The answer must reproduce the listing exactly, with every picture left out.

======== Collected data ========

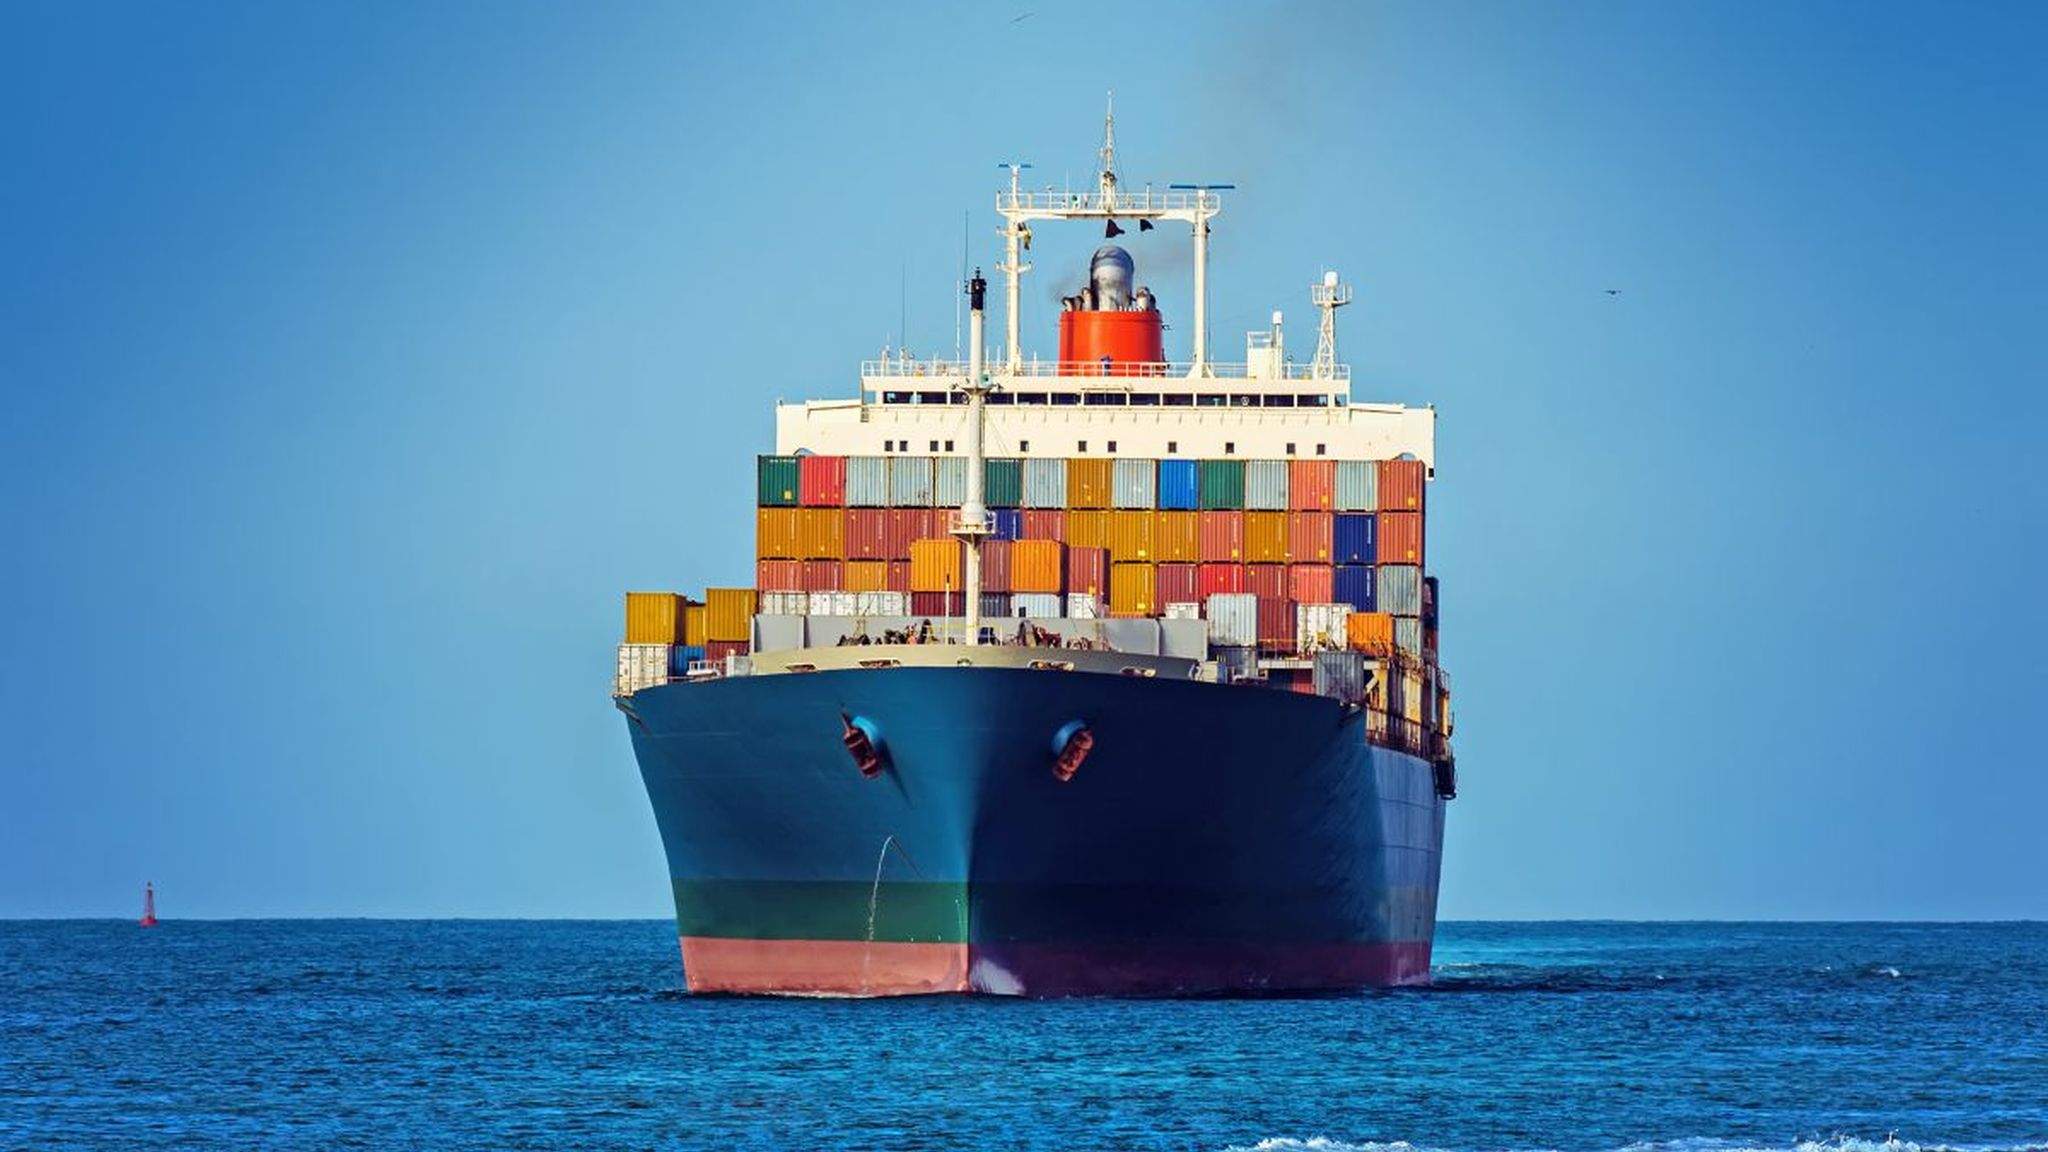 SEA FREIGHT UAE - Sea freight Dubai - Sea cargo in Dubai
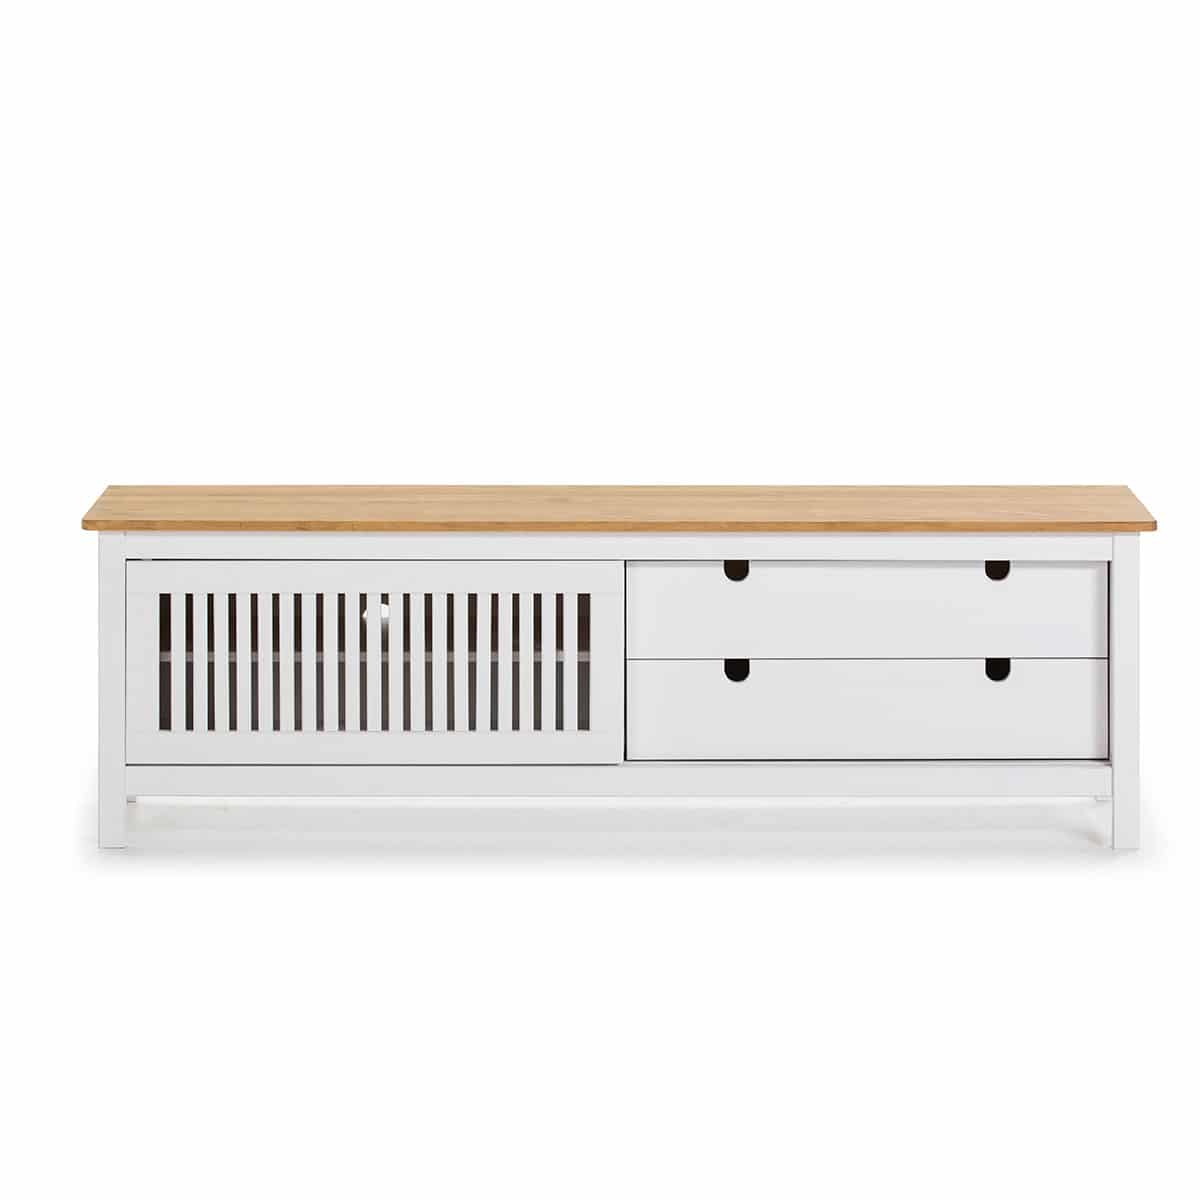 Mueble tv blanco y madera - Artikalia - Muebles de diseño
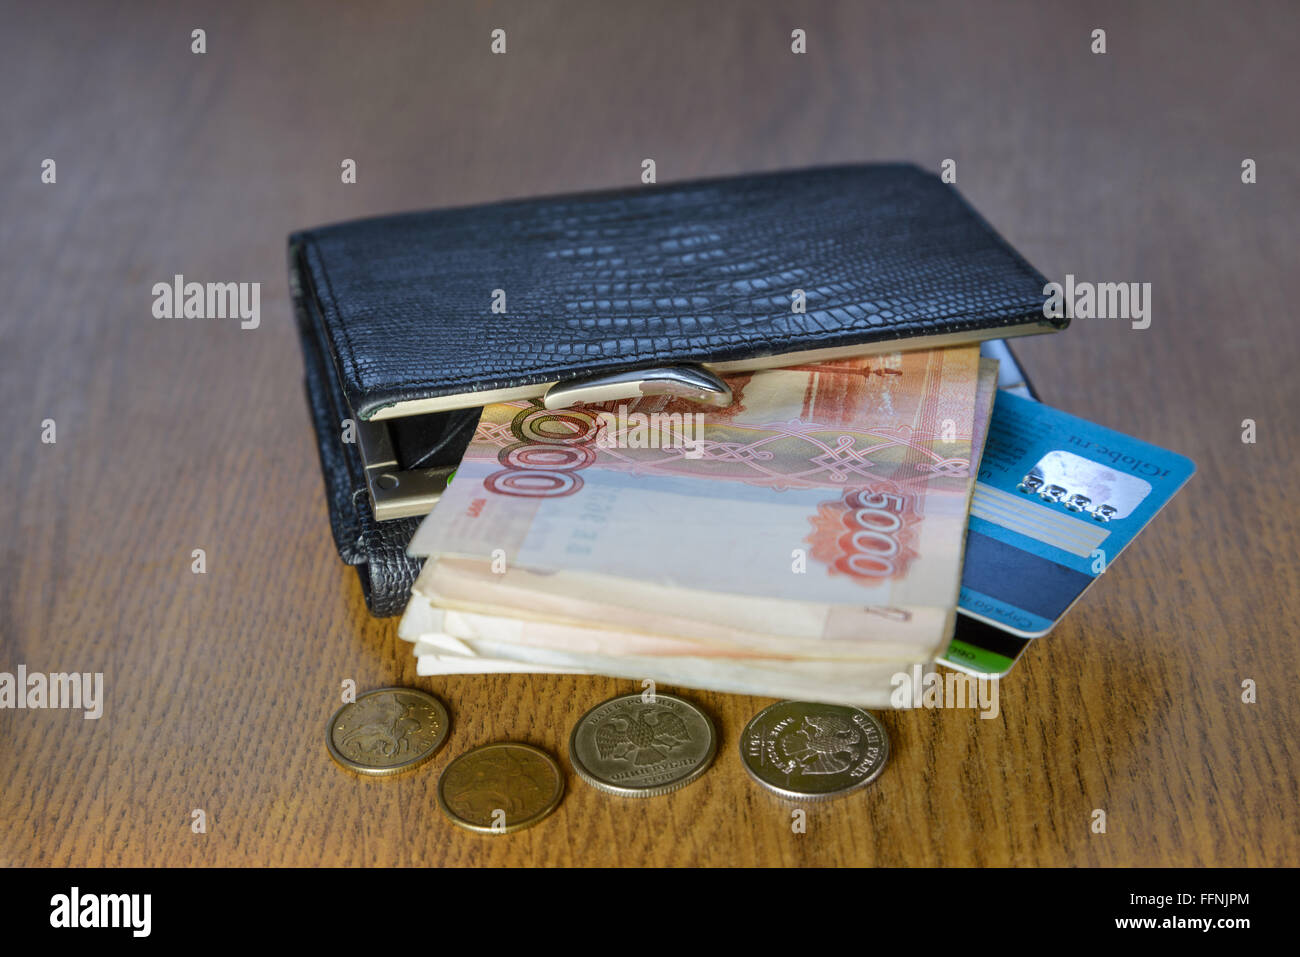 Billetera con tarjetas de crédito y el dinero acostado sobre una mesa de madera Foto de stock

========

* Solution for this exercise:
 SEA FREIGHT UAE - Sea freight Dubai - Sea cargo in Dubai
 Mueble tv blanco y madera - Artikalia - Muebles de diseño
 Billetera con tarjetas de crédito y el dinero acostado sobre una mesa de madera Foto de stock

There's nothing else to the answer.